Что значит долги города? Это пенсия пожарным, пенсия учителям, пенсия почтальонам. Потому что городу нечем платить этим людям. Работы, которые представлены в музее, действительно бесценны. 38 главных шедевров музея в общей сложности стоят два с половиной миллиарда долларов. Вот о каких цифрах идет речь. Среди них — есть картина Матисса, есть автопортрет Ван Гога и, самое главное, есть картина Питера Брейгеля-старшего. Брейгеля ведь очень мало картин сохранилось до наших дней. Это «Свадебный танец», прекрасная работа Брейгеля, которая всегда привлекала туристов в этот город. Сейчас речь идет о том, продавать или не продавать. Что вы думаете?
С.Волков: Вы правы, когда говорите, что это вопрос эстетики... Но вопрос, конечно, в первую очередь финансов, а затем эстетики и, немаловажный аспект, — этики. Все сводится к такой известной дилемме: во время пожара, что вы будете выносить из горящего дома — ребенка или Мону Лизу. Как бы вы ответили на этот вопрос?
А.Генис: То есть вы переадресовали этот вопрос мне. Дело в том, что я отказываюсь отвечать на подобные вопросы, которые в моей школе любили задавать пионервожатые опоздавшим на линейку — «а если бы ты вез патроны?»
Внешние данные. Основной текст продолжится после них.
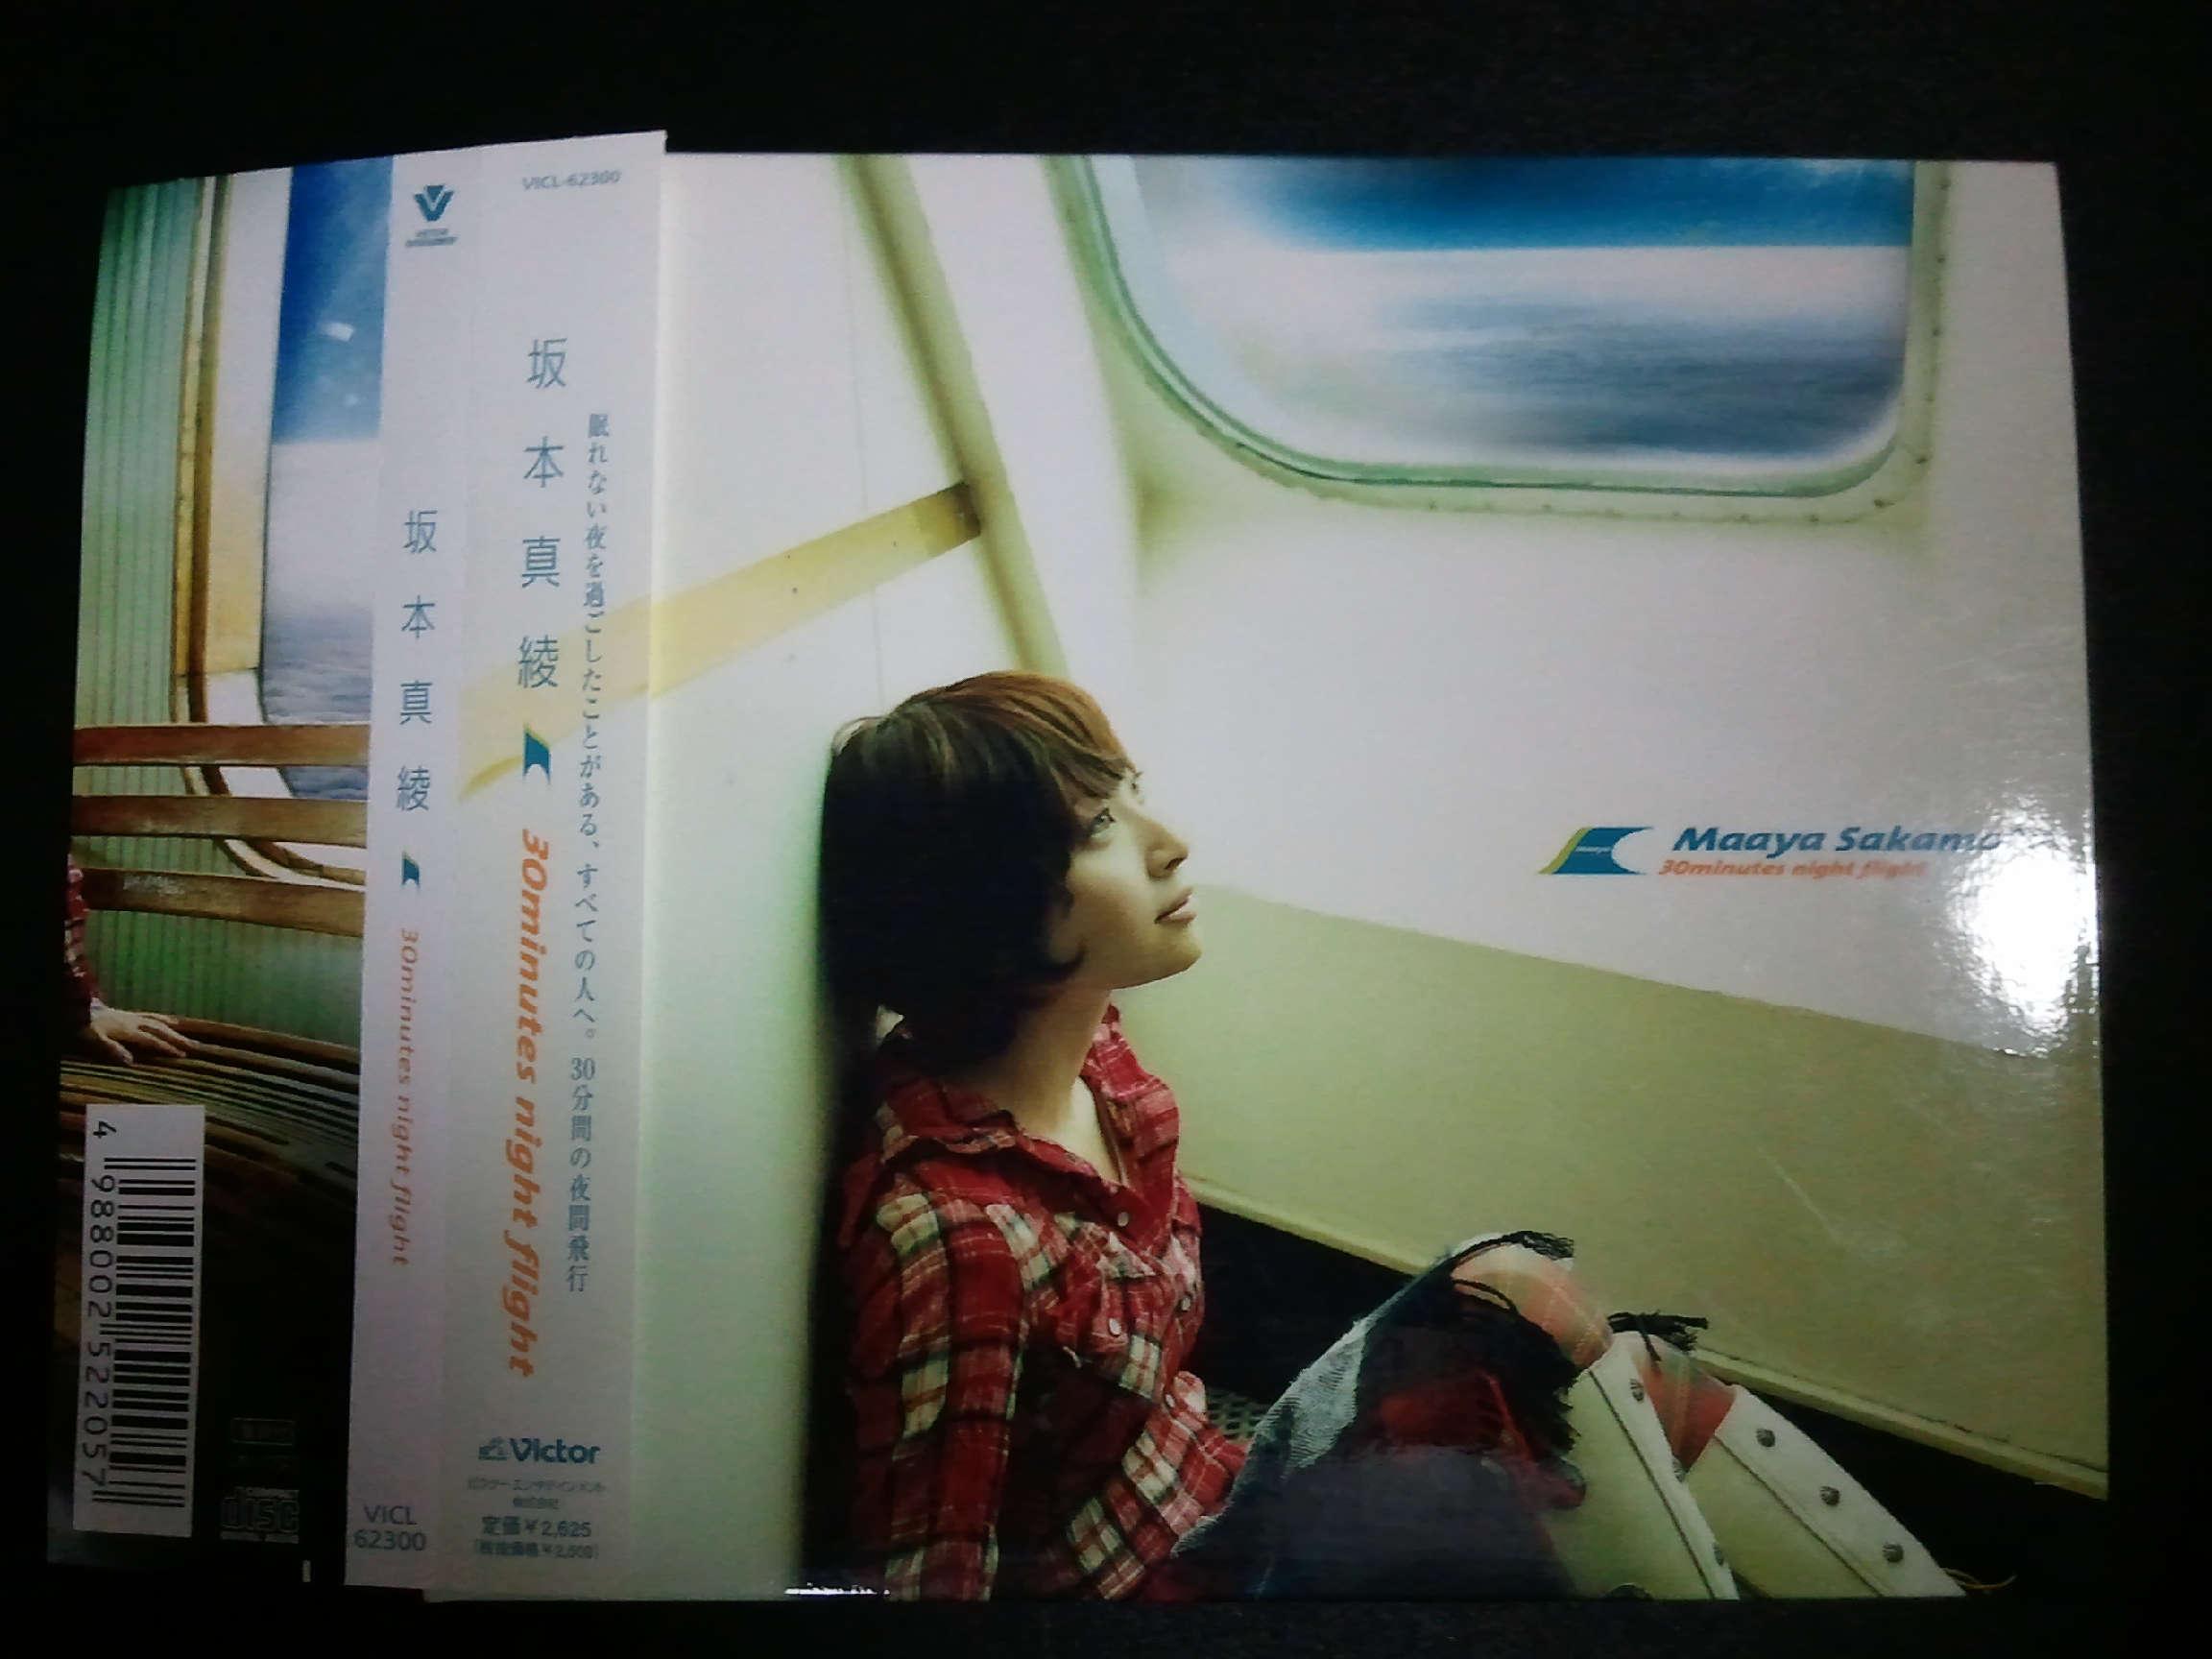 坂本真綾 30minutes Night Flight

Кроме всего прочего я не верю, что продажа картин спасет город. Потому что город спасет не продажа собственности, а правильная и разумная экономическая и социальная политика, которая вернет в город средний класс, которая создаст новые источники доходов. И это можно сделать, потому что именно это произошло с Питтсбургом. Он похож на Детройт, потому что это был город стали. Прошло время сталелитейной промышленности, сталь перестали вообще лить в Америке. Все было, как в Детройте: не стало денег, не было налогов, ничего не было. Отцы города сумели перетащить туда другую промышленность, микробиологическую в первую очередь. Я недавно был в Питтсбурге, который переживает замечательный расцвет.
Кстати, что является центром культурной жизни Питтсбурга? Огромный музей Энди Уорхола, который там жил. Вокруг него сконцентрировалась новая жизнь, то есть культура, искусство. Оно приносит и экономическую выгоду. Если детройтский музей распродаст свои картины, то город исчезнет с культурной карты США. А как его туда вернуть? Коллекции Детройта были созданы в 20-30 годы, когда город переживал бум — это же город автомобилей, это — самое сердце индустриальной Америки. За это время они сумели купить эти картины. Во время Великой депрессии закупки прекратились. Но эти картины уже существовали в музее.
В связи с этим интересен другой вопрос, вы сказали — кого спасать? Вы помните, сколько картин было продано Сталиным во время советской индустриализации, когда продавали полотно Рембрандта за паровоз. А как к этому относиться?
С.Волков: Сейчас, по-моему, общепризнанно, что это было со стороны Сталина огромной ошибкой. Потому что вопросы индустриализации кардинально с помощью тех продаж не были решены. Сейчас выясняется, что можно было бы заработать на этих проданных картинах, которые украшают Метрополитен и другие американские музеи, гораздо больше, чем было выручено... Да, это была сталинская ошибка, но была ли это ошибка финансовая? Нет, это был принципиальный ход — Сталин как бы говорил, что вот это он считает ненужным, неважным, ему важнее в тот момент паровоз...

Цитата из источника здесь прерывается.